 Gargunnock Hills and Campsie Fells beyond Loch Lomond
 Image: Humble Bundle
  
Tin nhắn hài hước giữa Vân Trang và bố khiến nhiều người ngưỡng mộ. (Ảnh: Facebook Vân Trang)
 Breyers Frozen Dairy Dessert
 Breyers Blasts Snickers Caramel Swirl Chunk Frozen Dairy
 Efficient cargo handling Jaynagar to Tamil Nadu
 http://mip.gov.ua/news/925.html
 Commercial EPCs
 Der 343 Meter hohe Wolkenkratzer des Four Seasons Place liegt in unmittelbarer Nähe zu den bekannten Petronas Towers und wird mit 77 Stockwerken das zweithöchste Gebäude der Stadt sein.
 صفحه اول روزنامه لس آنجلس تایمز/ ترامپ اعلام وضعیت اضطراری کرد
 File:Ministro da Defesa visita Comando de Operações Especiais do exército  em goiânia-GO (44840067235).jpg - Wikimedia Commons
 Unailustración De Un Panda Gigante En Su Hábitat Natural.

★ ★ ★ ★

## Task details
Counting only those lines of the data above where the word "Dairy" appears, give the number and nothing more.

## Finished task
2